American government official (born 1962)

John Jacob Young Jr. (born May 29, 1962 in Newnan, Georgia) was United States Assistant Secretary of the Navy (Research, Development and Acquisitions) from 2001 to 2005 and Under Secretary of Defense for Acquisition, Technology and Logistics from 2007 to 2009. He is the founder and principal of JY Strategies, LLC.

==Early life and education==
John J. Young Jr. was educated at the Georgia Institute of Technology (bachelor's degree in Aerospace Engineering). Participating in Georgia Tech's cooperative education program, while in university, he worked for Lockheed Martin Aeronautics in Fort Worth, Texas, where his work included engineering work for the F-16 Fighting Falcon and advanced fighter technology. He next worked at the Braddock Dunn & McDonald facility in Huntsville, Alabama, where he provided engineering support for the United States Army's missile defense efforts.

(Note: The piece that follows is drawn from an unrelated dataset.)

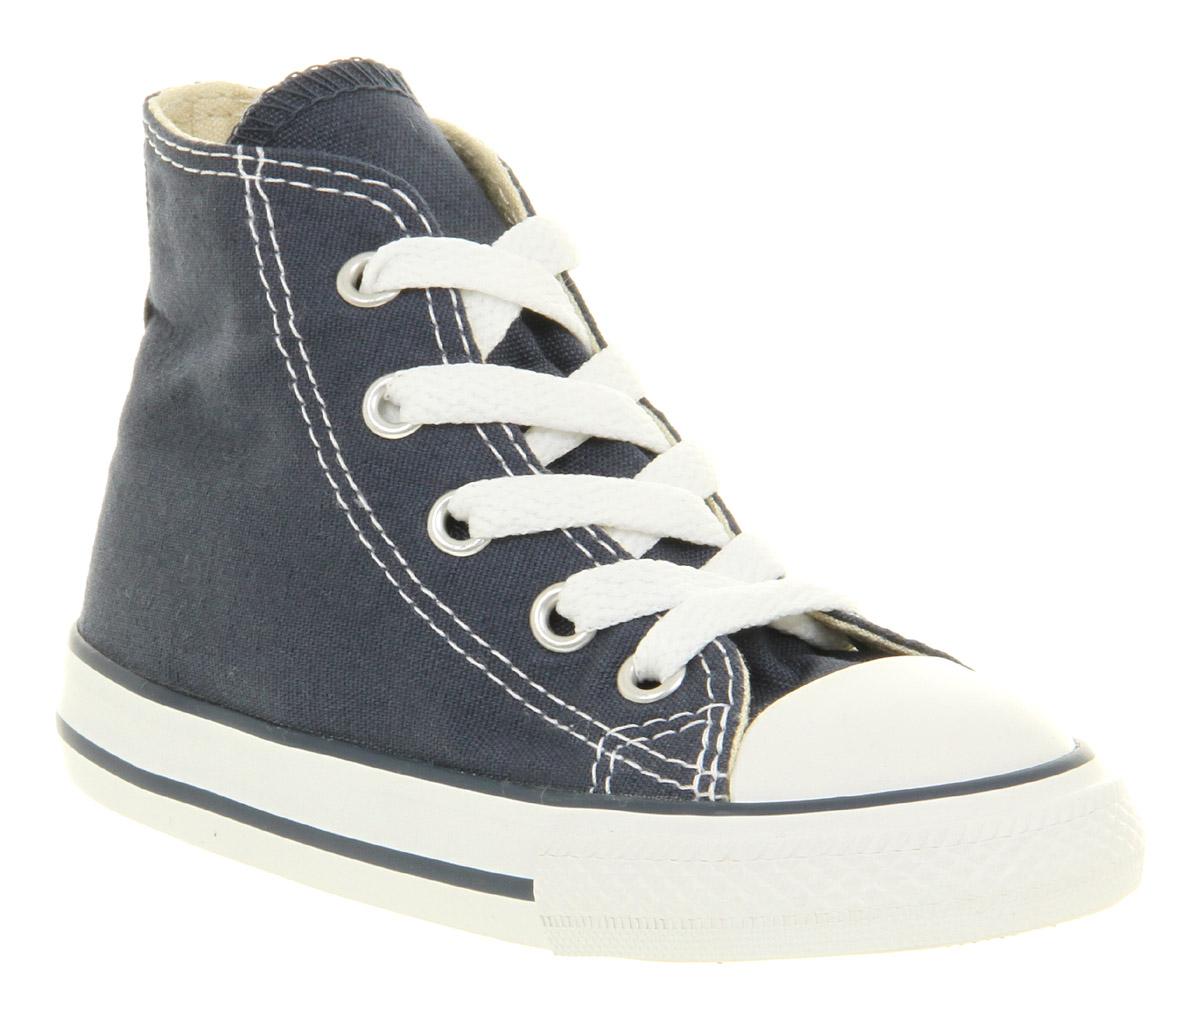 Kids-Converse-Small-Star-Hi-Canvas-Kids-12-Months-Navy-Blue-Canvas-Kids

Young then returned to school, attending Stanford University, receiving a master's degree in Aeronautics and Astronautics.

==Early career==
After earning his master's degree, he took a job with Rockwell International's Missile Systems Division in Duluth, Georgia. He joined Sandia National Laboratories in 1988, and his work at Sandia focused on hypersonic weapons, the aerodynamics of maneuverable reentry vehicles, and standoff bombs.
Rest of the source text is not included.